[Information provided — start]
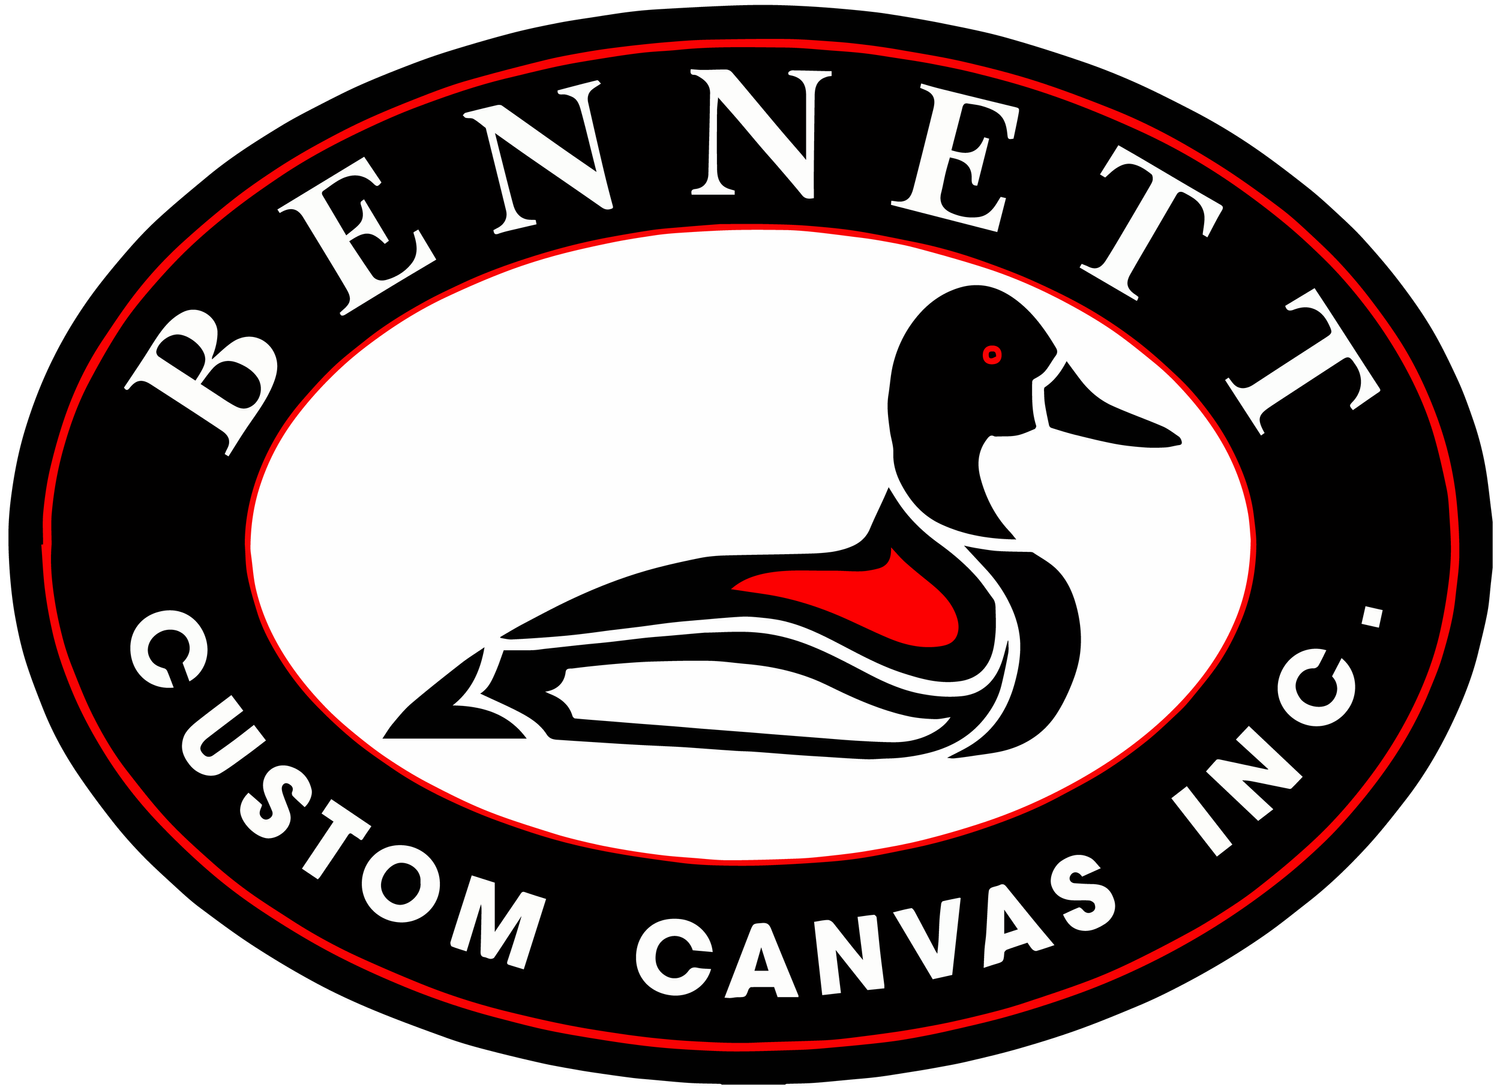 Bennett Custom Canvas Inc.
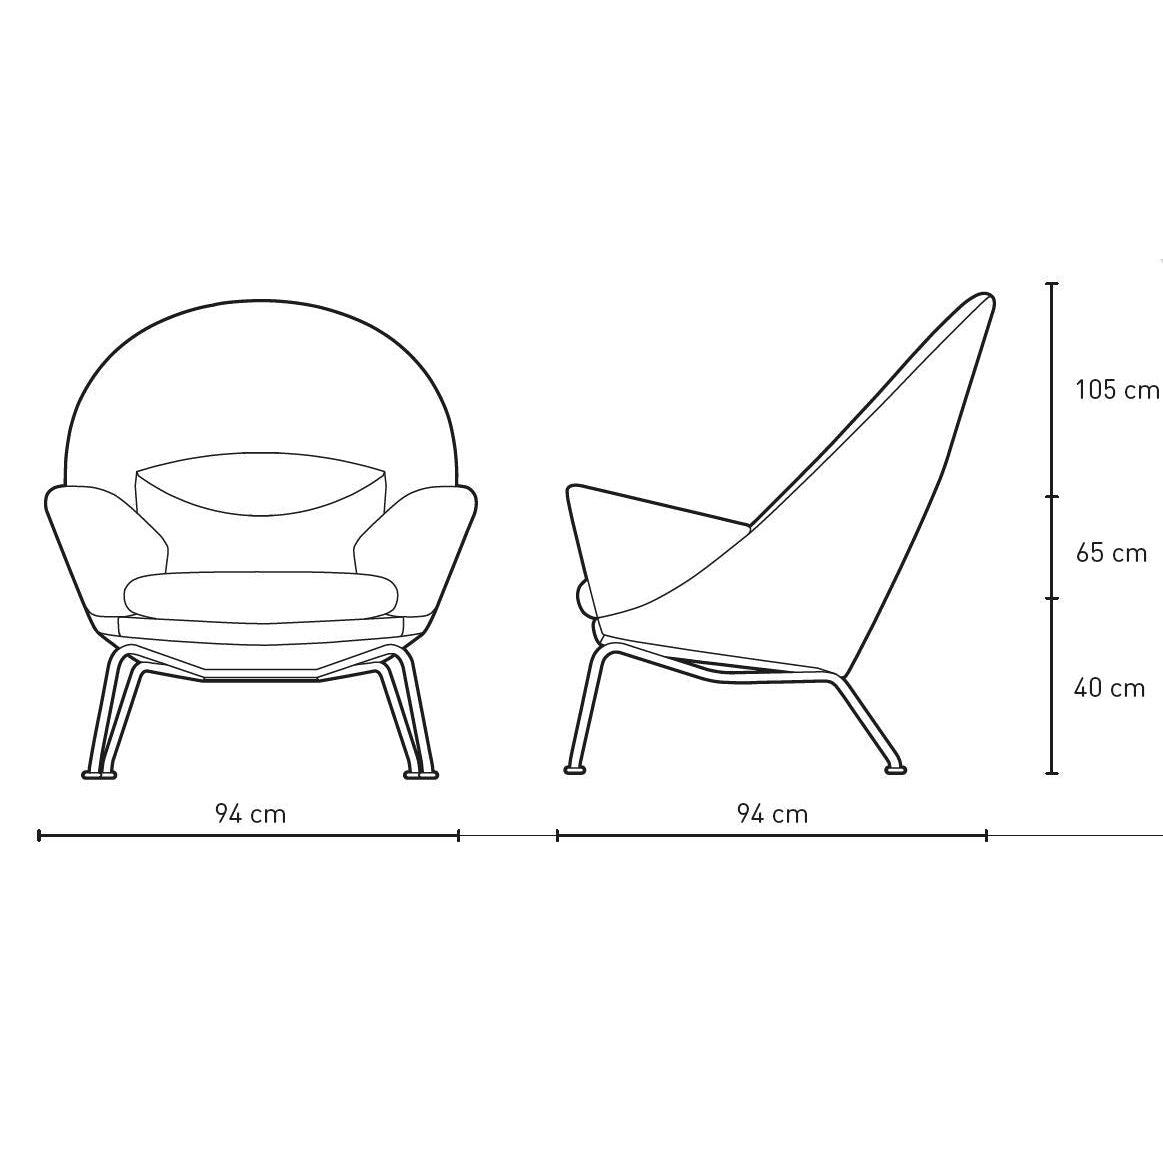 Carl Hansen CH468 Oculus stol, rostfritt stål, mörkgrå tyg
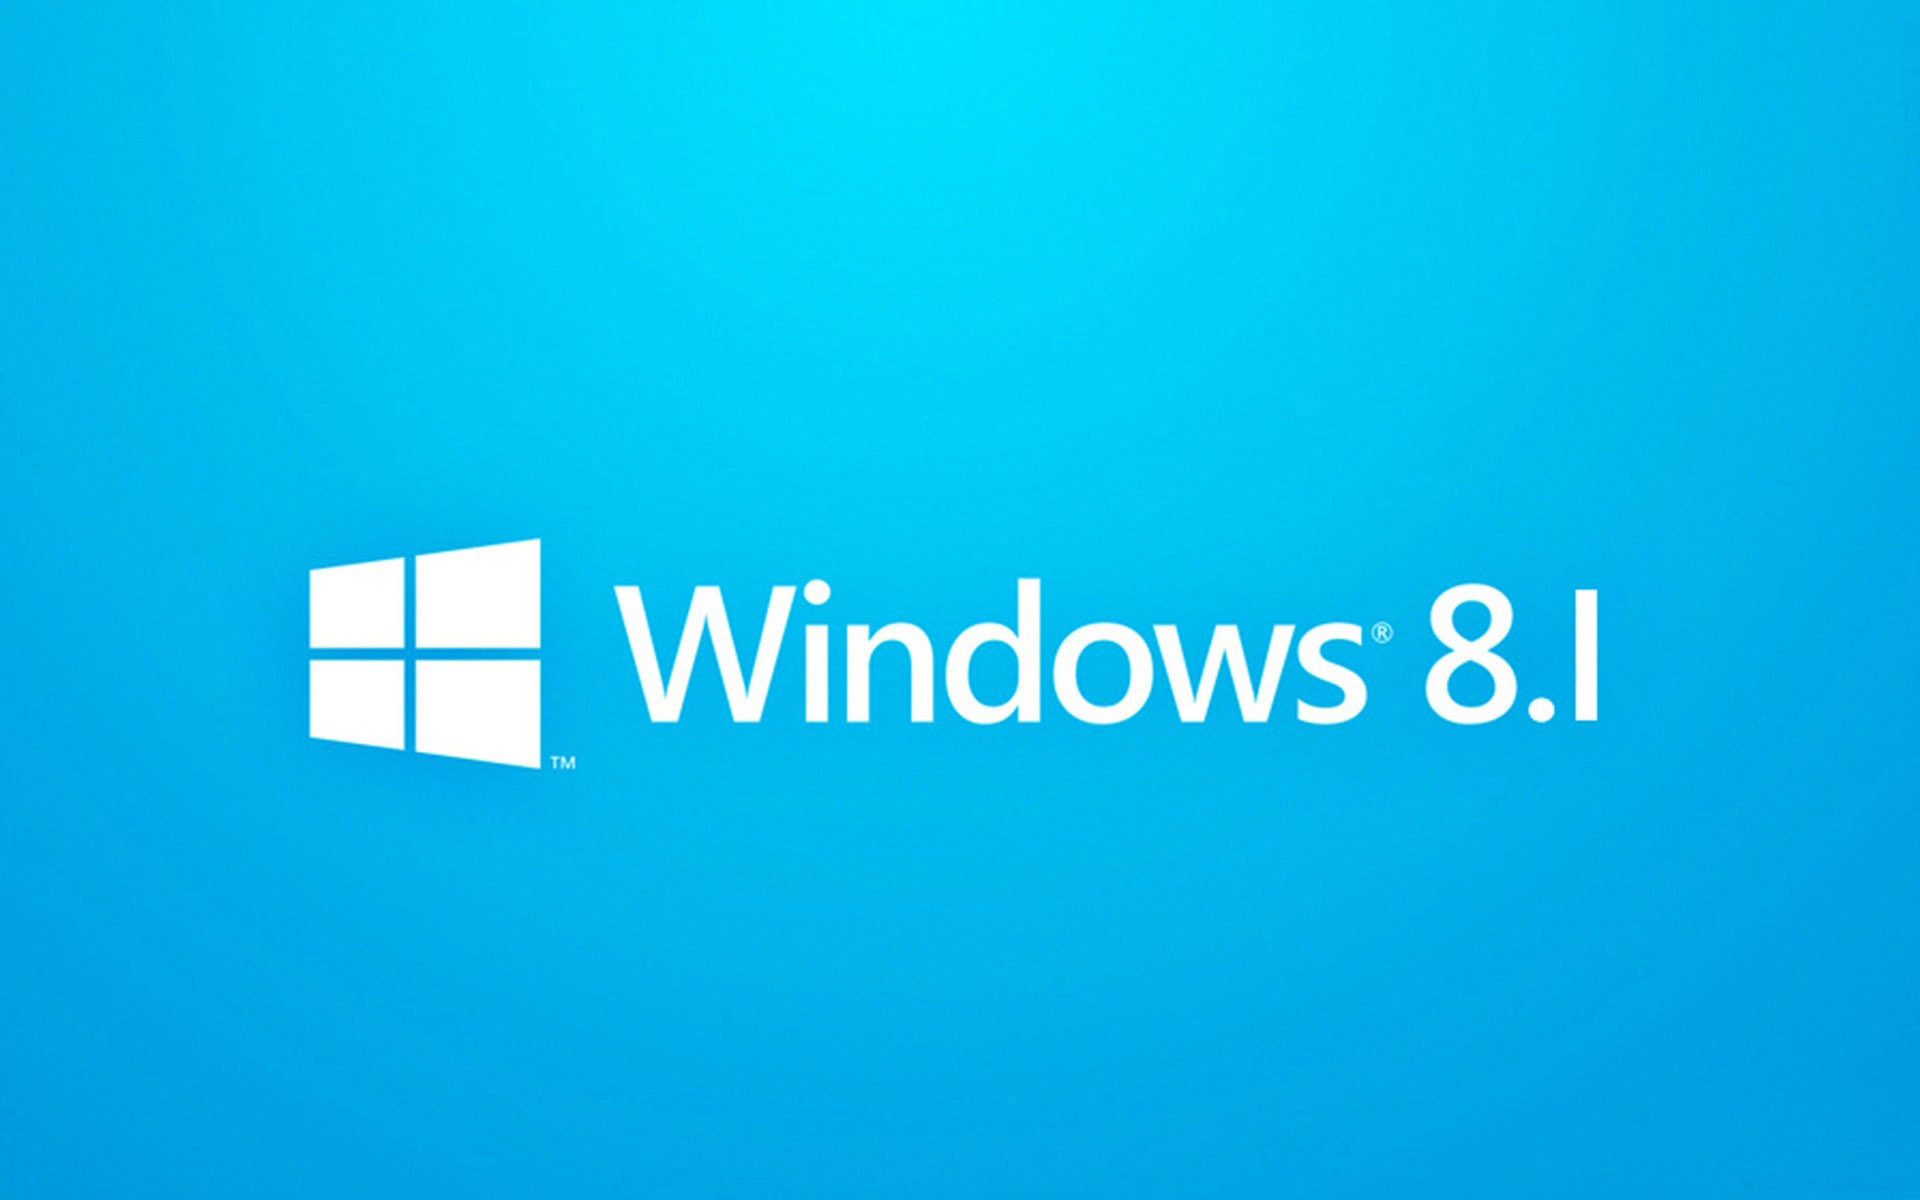 Windows 8 wallpaper 19201200 - WideWallpaper.info Free HD
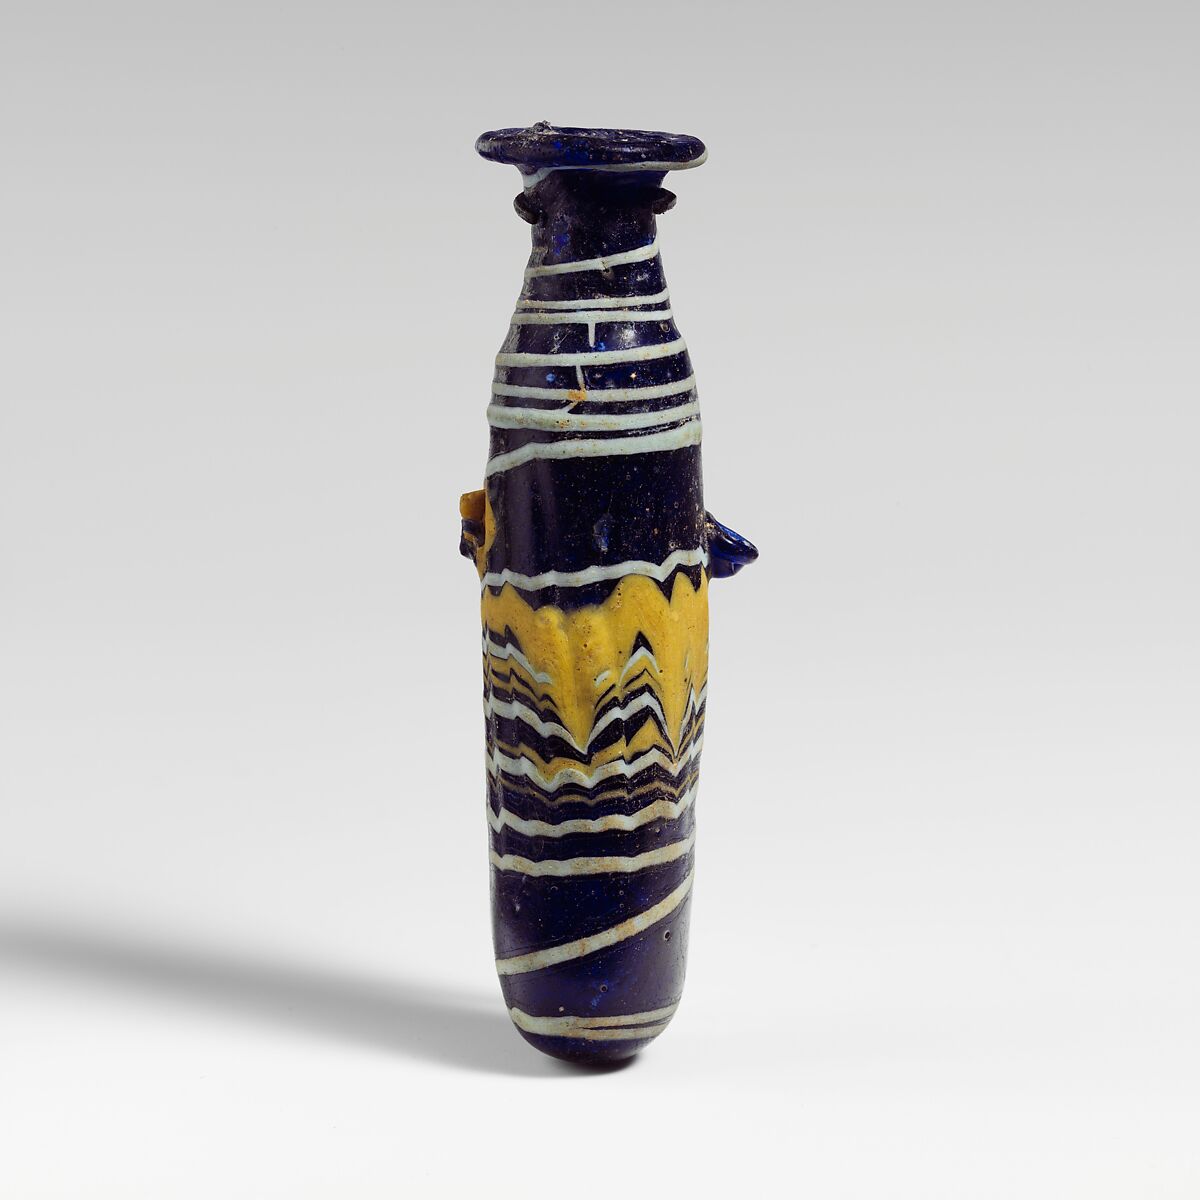 Glass alabastron (perfume bottle), Glass, Greek, Eastern Mediterranean
[Information provided — finish]
• _Task goal_
Without any pictures, return the material above exactly.

• _Finished task_
 Bennett Custom Canvas Inc.
 Carl Hansen CH468 Oculus stol, rostfritt stål, mörkgrå tyg
 Windows 8 wallpaper 19201200 - WideWallpaper.info Free HD
 Glass alabastron (perfume bottle), Glass, Greek, Eastern Mediterranean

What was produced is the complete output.